The lab emits two label layers:

  1. group-level usefulness labels
  2. candidate-level export rows for future selector training

Group labels are:

  • helpful
  • harmful
  • neutral
  • too_expensive
  • unknown

These labels are derived from deterministic metric deltas and token deltas.

Run the smoke lab

uv run python -m evals.state_value.run \
  --suite smoke \
  --backend coding_continuation \
  --interventions all \
  --out /tmp/stateplane-state-value-smoke \
  --json \
  --markdown \
  --csv \
  --export-training-rows

Run the publish lab

uv run python -m evals.state_value.run \
  --suite publish \
  --backend coding_continuation \
  --interventions all \
  --out evals/state_value/reports/publish \
  --json \
  --markdown \
  --csv \
  --export-training-rows \
  --seed 0

Read the report

Each run writes artifacts such as:

<out>/
  metadata.json
  report.md
  state_value_summary.json
  group_value.json
  group_value.csv
  intervention_scores.json
  intervention_scores.csv
  training_rows.jsonl
  telemetry.jsonl
  contexts/
  failures.json

Training data export

training_rows.jsonl is the future-selector dataset.

Each row stores:

  • deterministic candidate features
  • selected-in-base and selected-in-best flags
  • group value label
  • token cost
  • delta metrics

This dataset is intended for a future learned selector.

State Value Lab does not train a model.

Selector v1 now consumes this export together with Milestone A targets_v2.jsonl and telemetry to build a joined, family-aware training table for schema-v2 empirical training.
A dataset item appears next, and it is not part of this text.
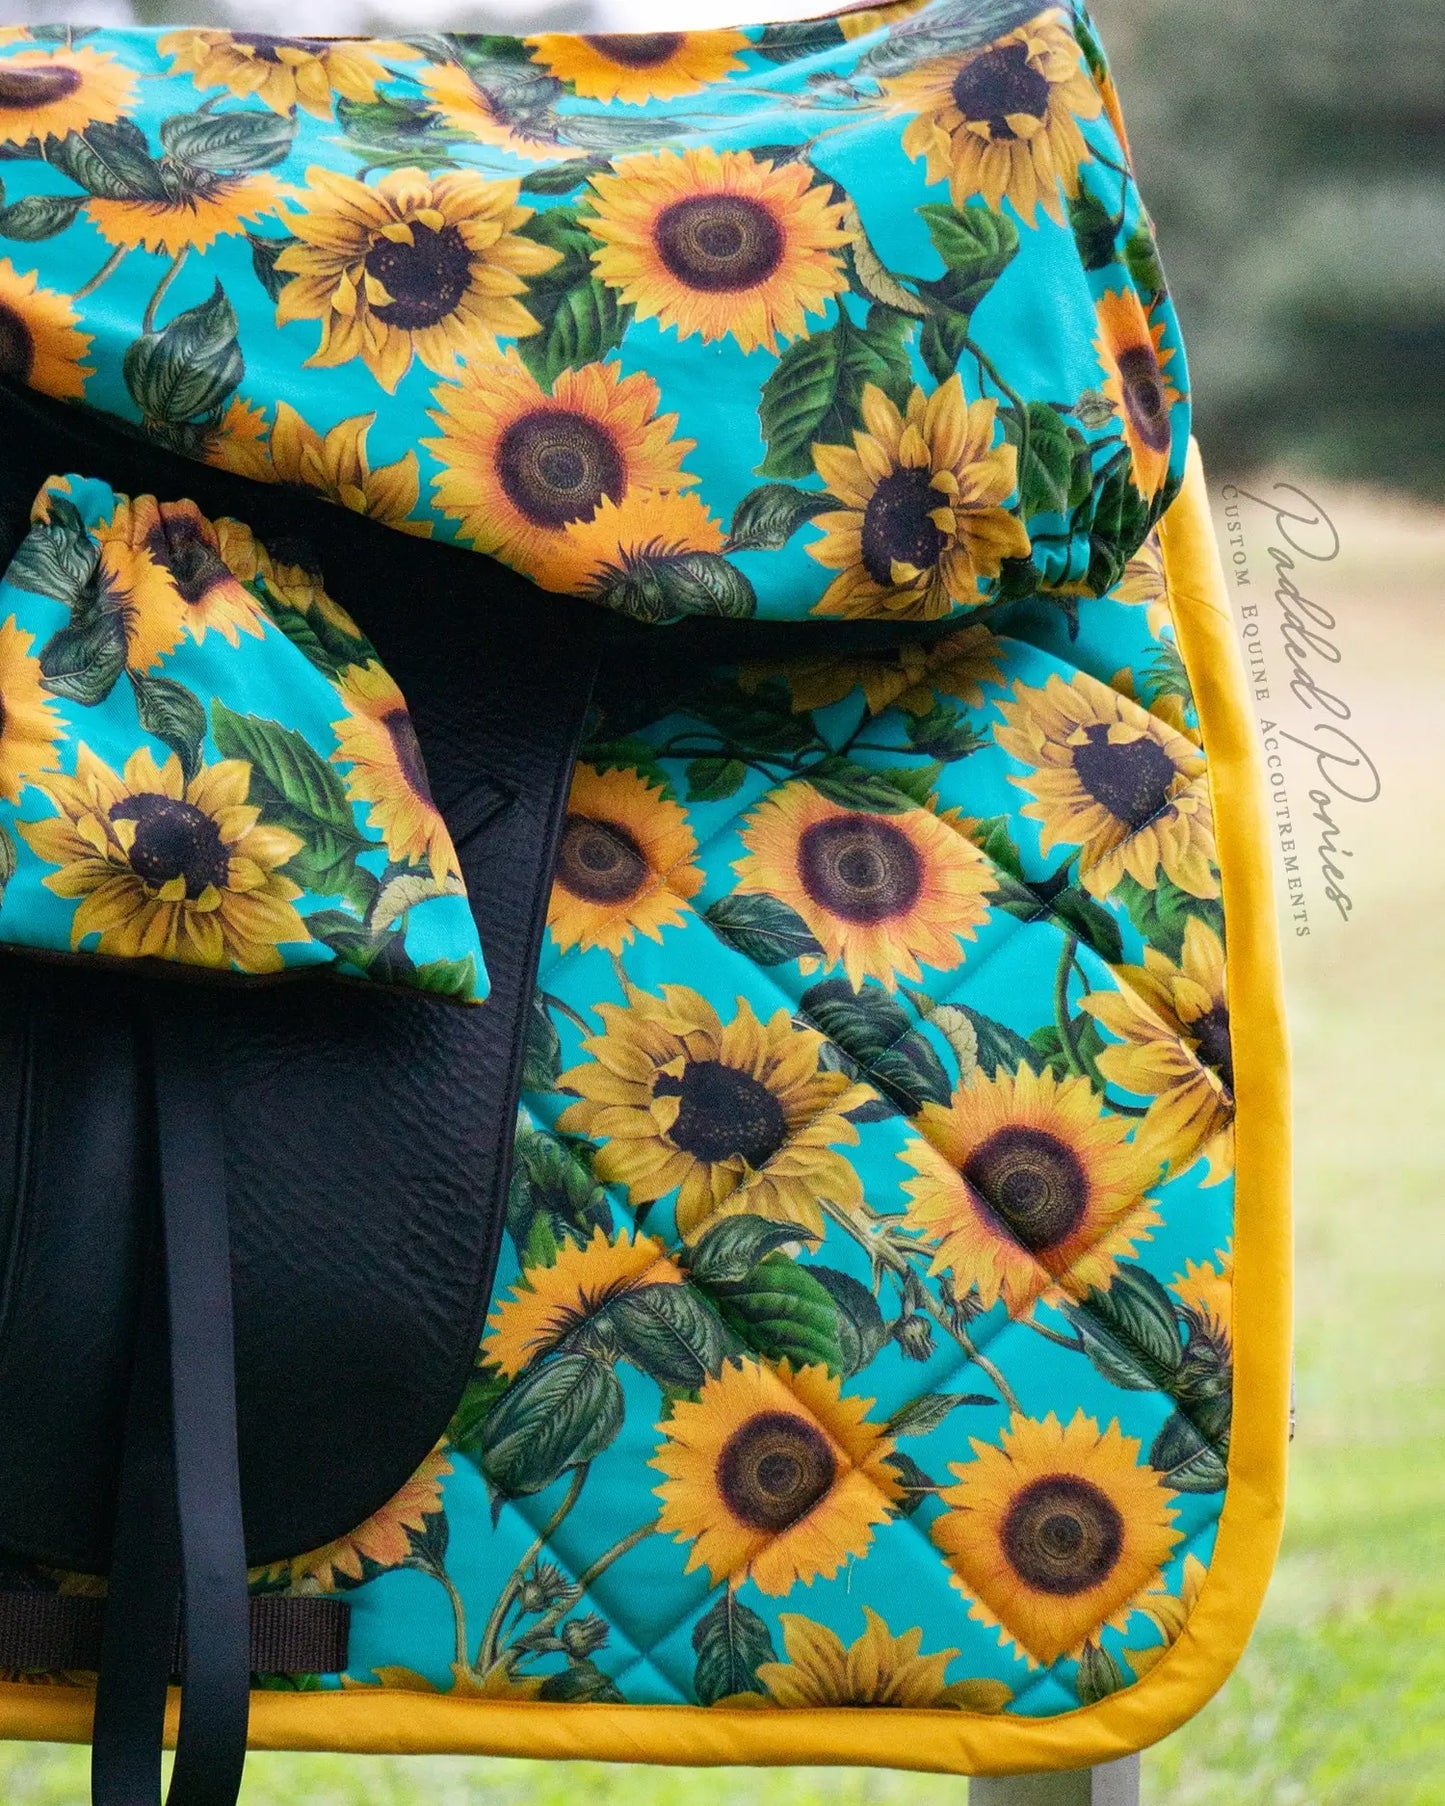 Turquoise Teal Aqua Yellow Sunflowers Floral Dressage Saddle Cover Matching Set

Milestone C reuses the same cached exports for feature and target ablations; it does not fabricate new targets or labels at evaluation time.

What this does not prove

The first backend uses deterministic offline continuation metrics.

It does not prove live coding-agent success.

It measures which state groups improve or harm state-fidelity metrics under controlled ablations.

External and real-trace outcome attribution should be added later.

Future: learned selector

The current task stops at telemetry, labels, and export rows.

The next step can train a small selector model on those exported rows. That work now lives in State Selector v0.

State Value Lab remains the data-generation and ablation layer. State Selector v0 consumes those checked-in outputs, validates them, trains a tiny empirical model, and evaluates it against the heuristic selector. Selector v1 extends that path with feature schema v2 and target schema v2. See Selector v1.